California employers are “strictly liable” (i.e. there is no defense) for unlawful harassment by their supervisors. While there is an “affirmative defense” under federal law to supervisor “hostile work environment” where no “tangible employment action is taken” against the alleged victim, that won’t apply under California law.

Supervisor harassment: If you’re an employer and worried abouot liability, the best case under California if a supervisor is the alleged wrongdoer, is the company will be liable, but the amount of damages (money) it must pay can be reduced. The employer must show (1) it took reasonable steps to prevent and correct workplace sexual harassment; (2) the employee unreasonably failed to use the preventive and corrective measures that the employer provided; and (3) reasonable use of the employer’s procedures would have prevented at least some of the harm that the employee suffered. This does not eliminate liability, but it can reduce the amount of money your business has to pay.

Nonsupervisory harassment: For unlawful harassment by non-supervisors, a California employer is liable for such “co-worker” harassment only if (1) its management knew or should have known of the harassing conduct and (2) failed to take immediate and appropriate corrective action.

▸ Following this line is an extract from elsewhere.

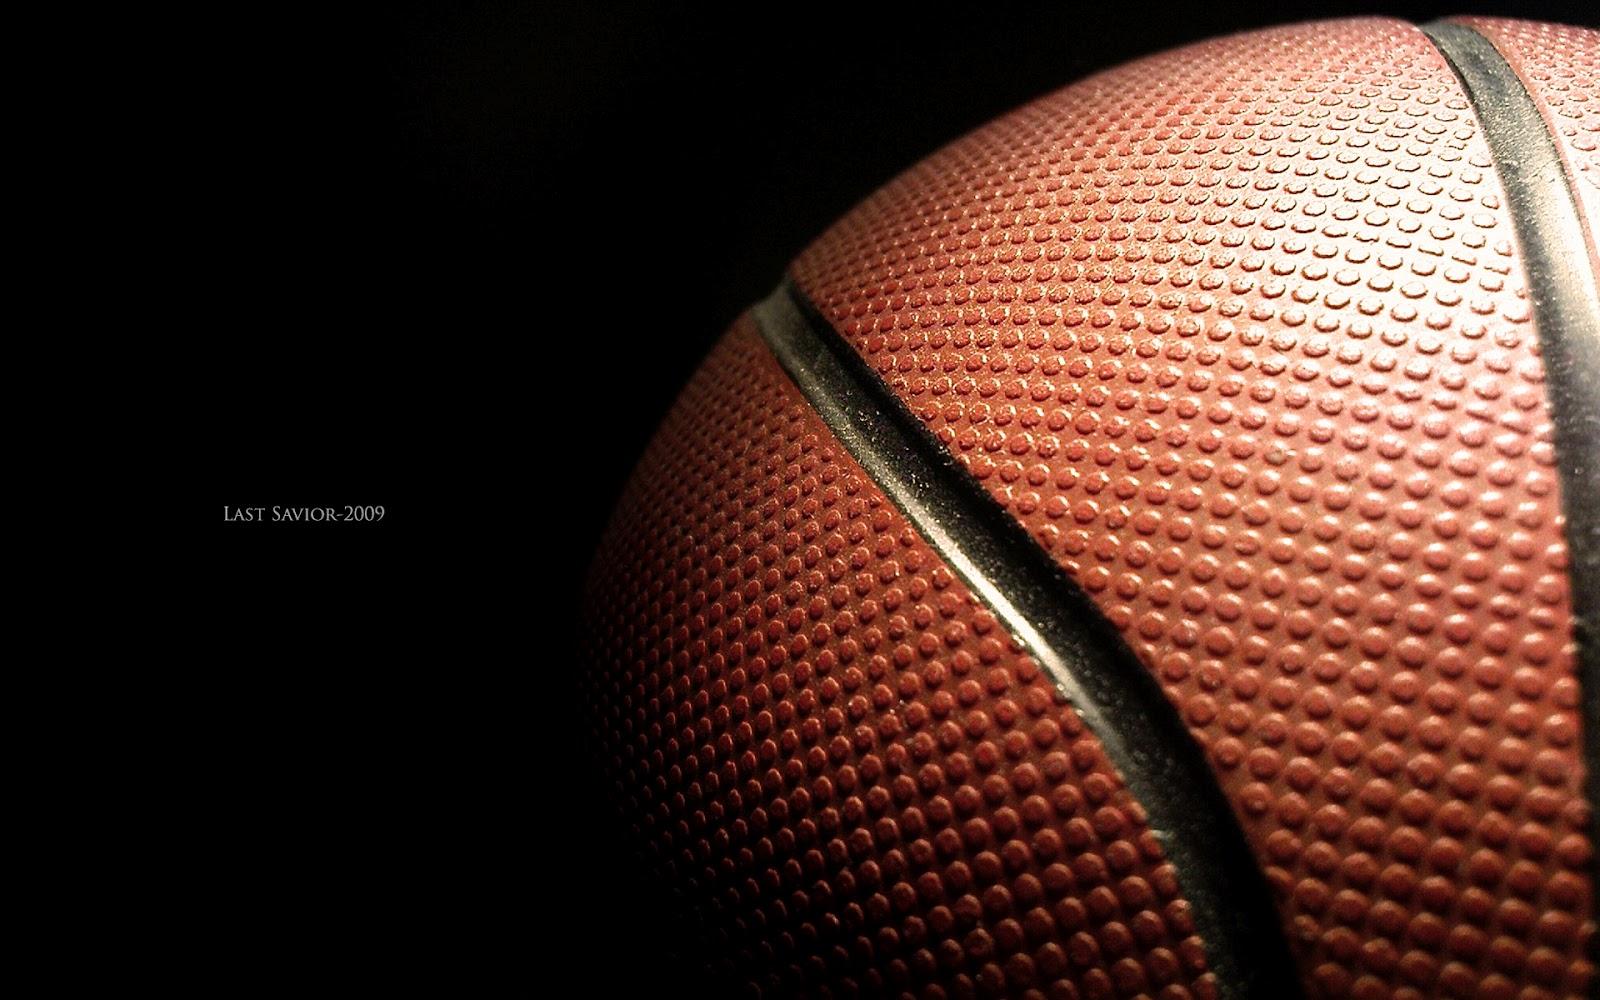 Fondos Wallpapers Hd: Wallpapers HD: Basket Ball Wallpapers HD
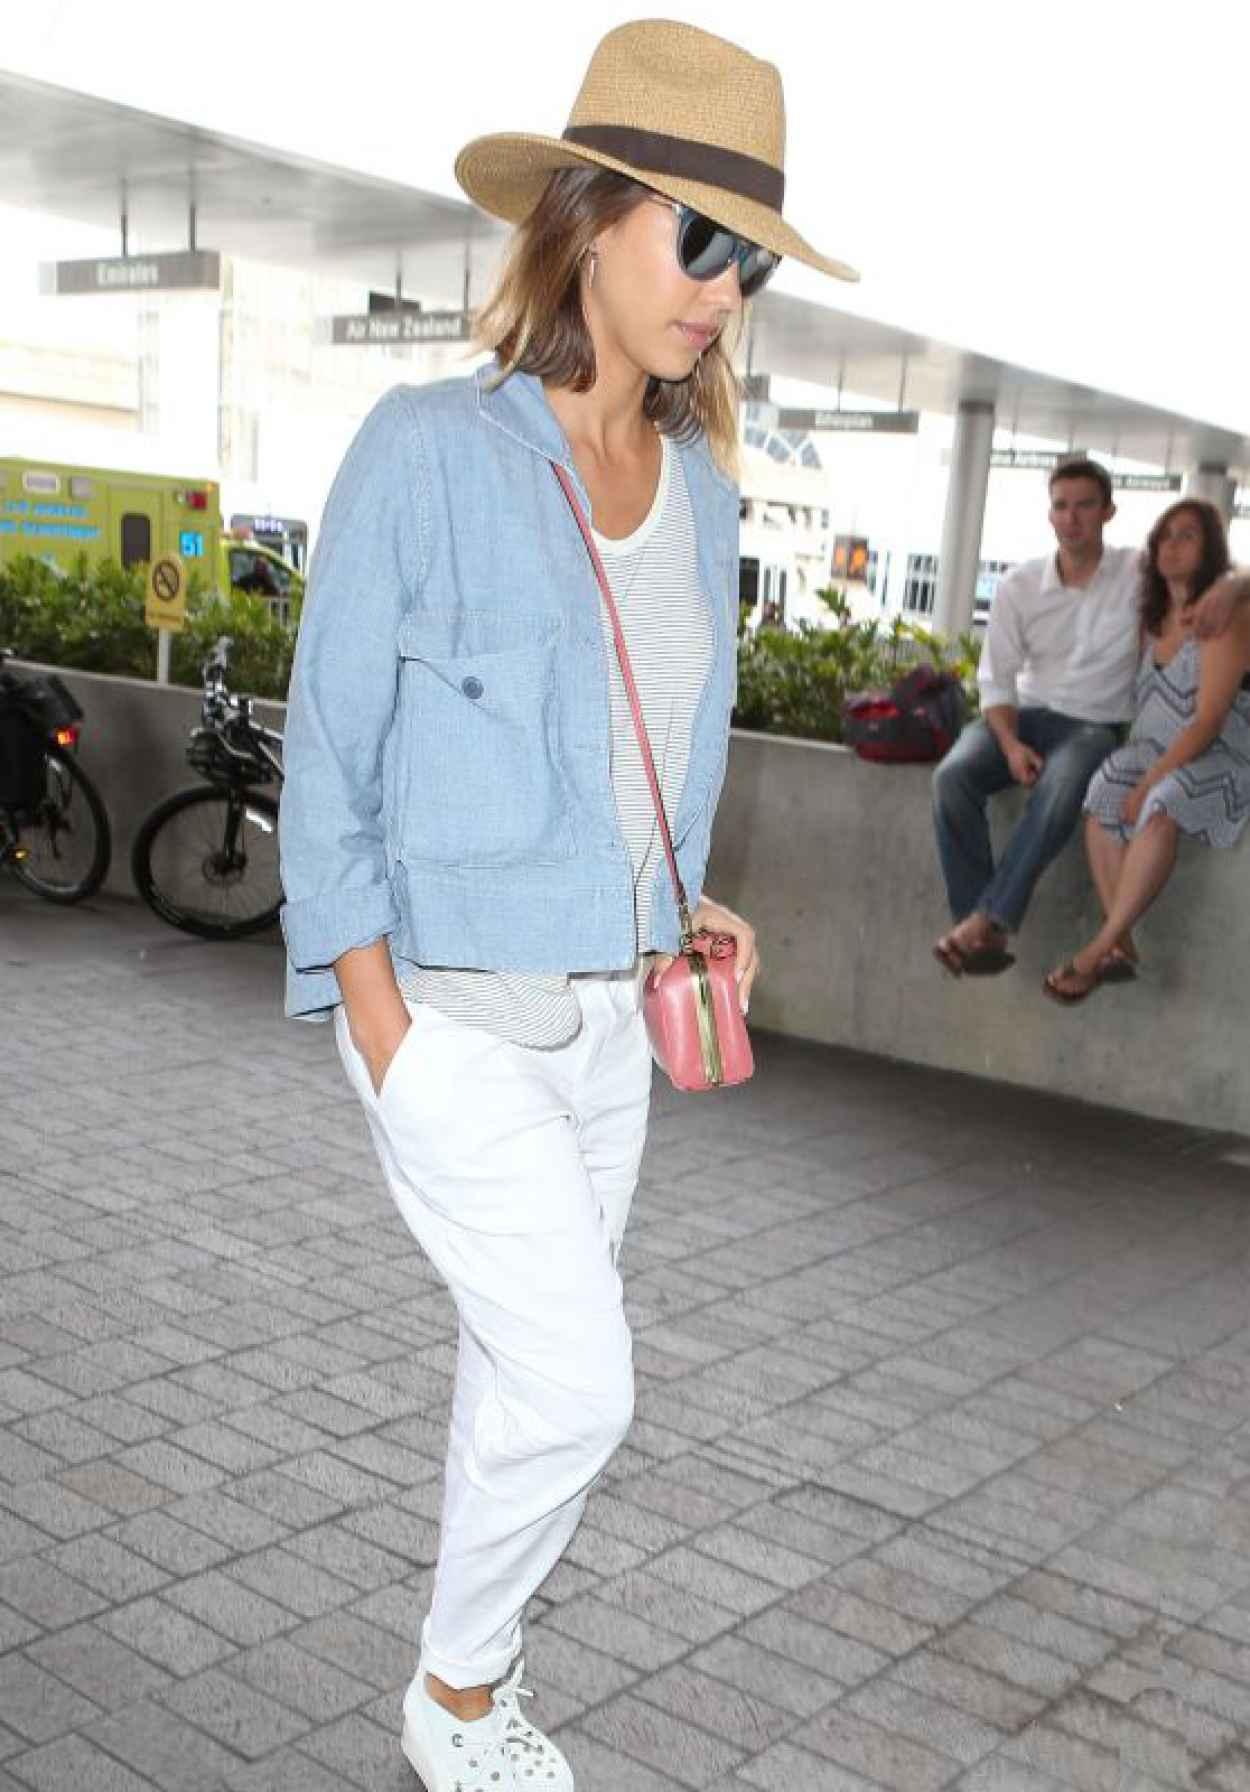 Jessica Alba Airport Fashion - at LAX, July 2015-1

Therefore, if your mangers/supervisors learn of an unlawful harassment complaint, immediate action, including immediate commencement of an investigation and taking prompt corrective action as necessary, would be prudent.

50 or more workers: California companies with 50 or more employees are required under California law to train all “supervisory employees” for at least two hours every two years in unlawful harassment and discrimination. The training must be in the classroom or “other effective interactive training” and be presented by qualified trainers with knowledge and expertise in the prevention of harassment, discrimination and retaliation.  See http://www.fehc.ca.gov/act/SEXUAL_HARASSMENT_training.ppt for the Fair Employment and Housing Commission’s guidelines on training. Federal law imposes no such requirement.

Summary: To summarize, California imposes the following duties on employers:

  • Duty to Take Reasonable Steps to Prevent Unlawful Harassment
  • Duty to Promptly Investigate Claims of Unlawful Harassment
  • Duty to Take Immediate and Appropriate Corrective Action
  • Duty to Train on Unlawful Harassment, Discrimination and Retaliation (50 or more employees only)

 

 

(Reviewed 9-08)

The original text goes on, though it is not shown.